Broadway had, in short, turned into Coney Island, a street carnival staged for the tourist and the boob. Runyon had adored and immortalized the Broadway street life, but by the early thirties Runyon was spending more time in Miami than at Lindy’s. Where were the hoods of yesteryear? This new world was a ceaseless yammer of religious nuts and self-styled magicians and novelty salesmen—itching powders and exploding cigars— and hot dog vendors and con artists and even, late at night on the east side of Broadway, dope peddlers. Runyon’s Dream Street, the block behind the Palace, was no longer, just as the Palace itself was no longer. The gossip columnists Jack Lait and Lee Mortimer wrote, “Its 200 yards are lined almost unbrokenly by cheap hotels and rooming houses sheltering all manner of strange characters: retired vaudevillians, down-and-out horseplayers, dope fiends, grifters and grafters, pickpockets, derelicts (male and female), drunks, stage widows, miserly recluses, tars and their tarts, crap-game-steerers and bottom-dealers.” Here, by the way, was a subspecies of the new literature of decline: the epic enumeration of depravity.

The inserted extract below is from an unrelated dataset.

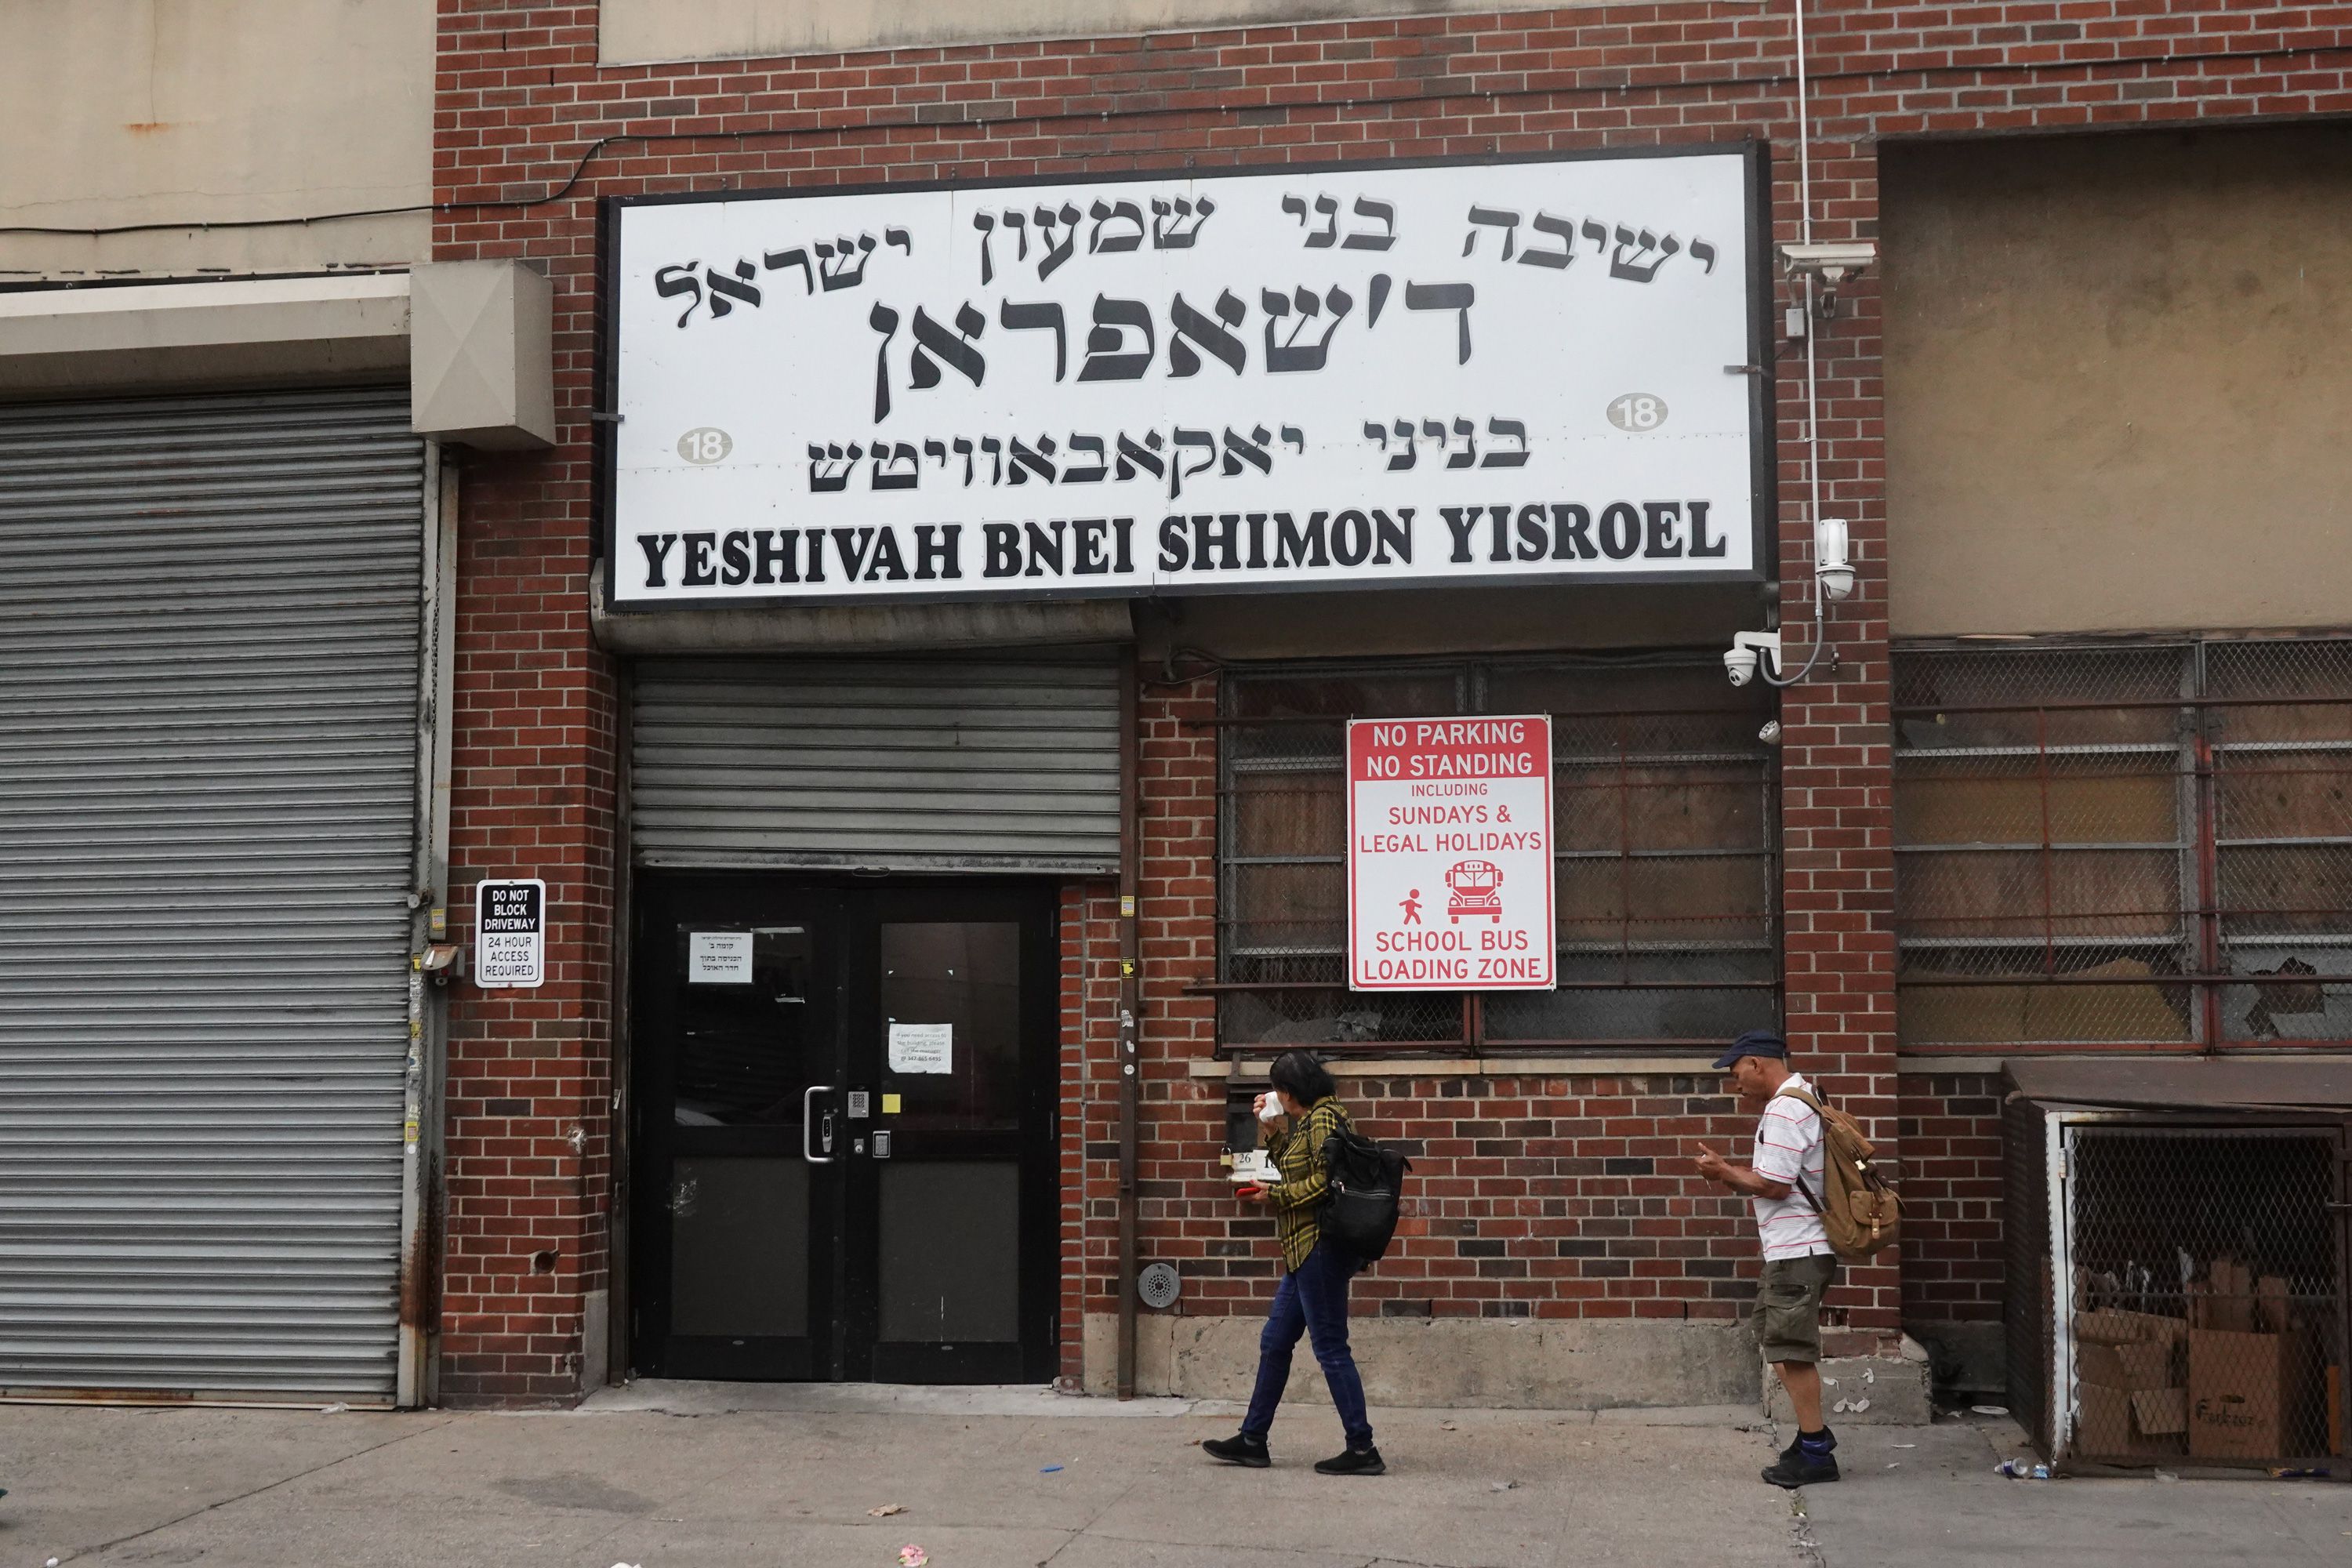 Pedestrians walk by a Williamsburg industrial building housing Yeshiva Bnei Shimon Yisroel.

Nowhere was the change more drastic than on 42nd Street, increasingly the home of shooting galleries and peep arcades and dumb movies. As the theaters passed into the hands of the banks, they emerged with very different owners. In 1931, William and Harry Brandt, who had made a living in movies and low-grade vaudeville in the city’s more humble neighborhoods, bought the Lyric Theatre, tried a diet of four-a-day vaudeville, and then switched to second-run movies. The Brandts took over the Apollo in 1932, and then the Times Square, the Selwyn, the Eltinge, and the Republic—the block of theaters that would later form the core of the porn empire of the 1960s. The Rialto, which had been showing movies at the northwest corner of Broadway and 42nd since 1916, was torn down in 1935 to make way for the New Rialto, whose first feature was Fang and Claw. The New Rialto was open all day and well into the night, and charged as little as 25 cents a ticket. These theaters, like the burlesque shows and the dime-a-dance halls and the penny restaurants, brought a very different kind of customer to 42nd Street: the lowlife whose many faces Stanley Walker had catalogued.

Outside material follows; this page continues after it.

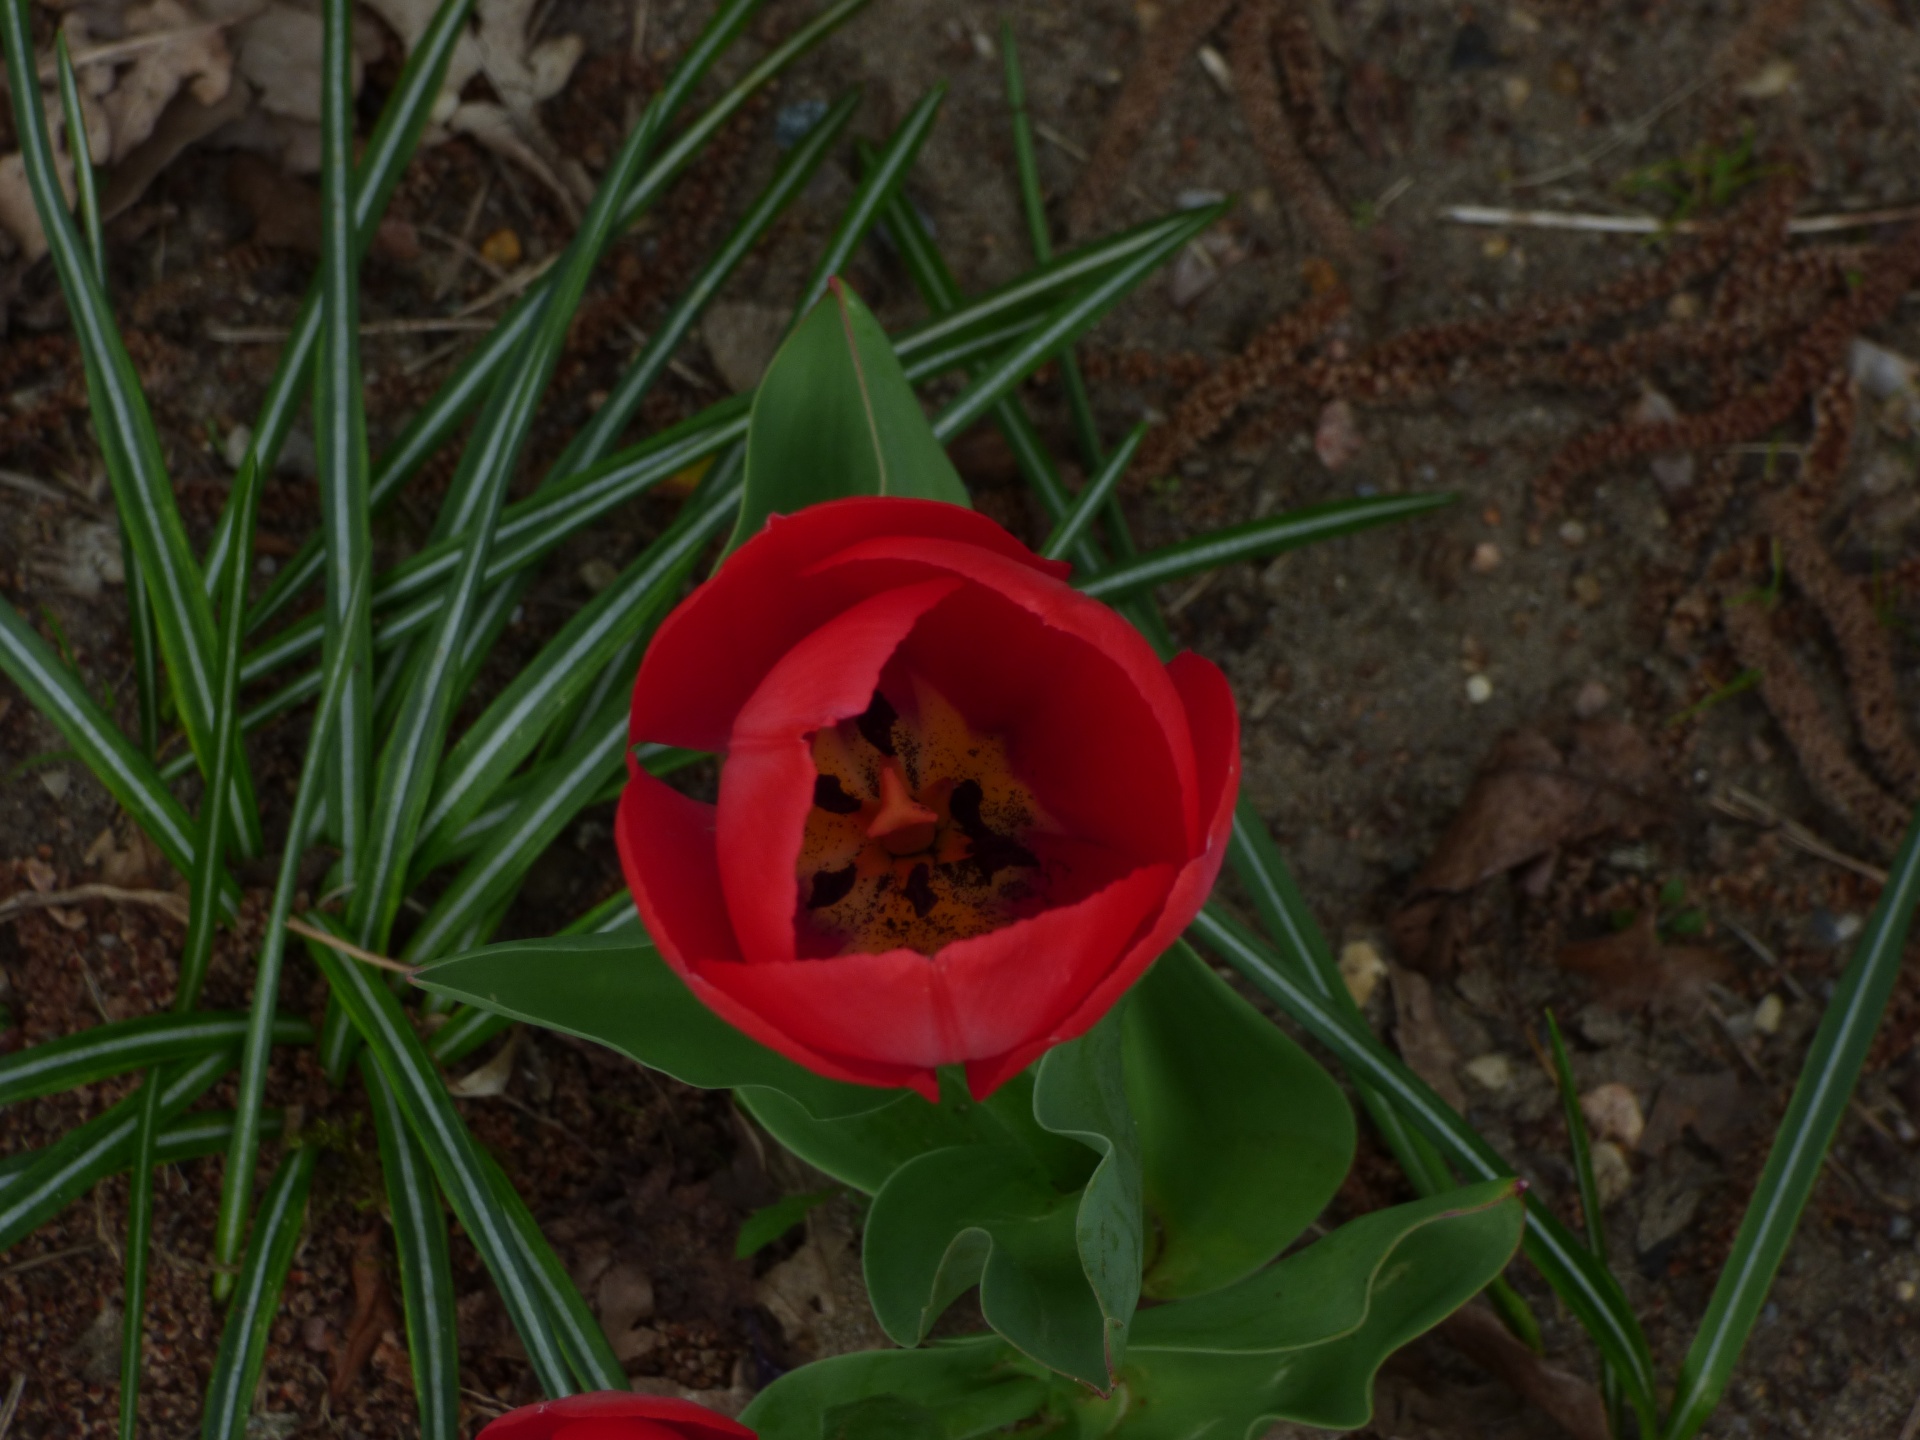 tulips flower nature free photo

Burlesque actually had a very short life span in Times Square. Here was a species of show so crude that many of the critics found it as deplorable as the moralists did. But what killed burlesque was not so much dirt as menace. The burlesque theater spilled out into the street in the form of barkers and steerers who tried to whip the customers inside; giant posters of half-naked girls blared from under the marquees. The burlesque theater seemed to degrade the street in the same way as the sex shop and the porn movie house would in the 1960s; it posed, in effect, an ecological danger. At hearings in 1932, the New York City license commissioner, James F. Geraghty, said that the lobbies of the burlesque houses served as “loitering places for men who trade on the shady side of night life.” A New York Times editorial complained, “The alleged obscenity of the burlesque shows is exceeded by their external frowsiness. The neighborhood of such theaters takes on the character of a slum.”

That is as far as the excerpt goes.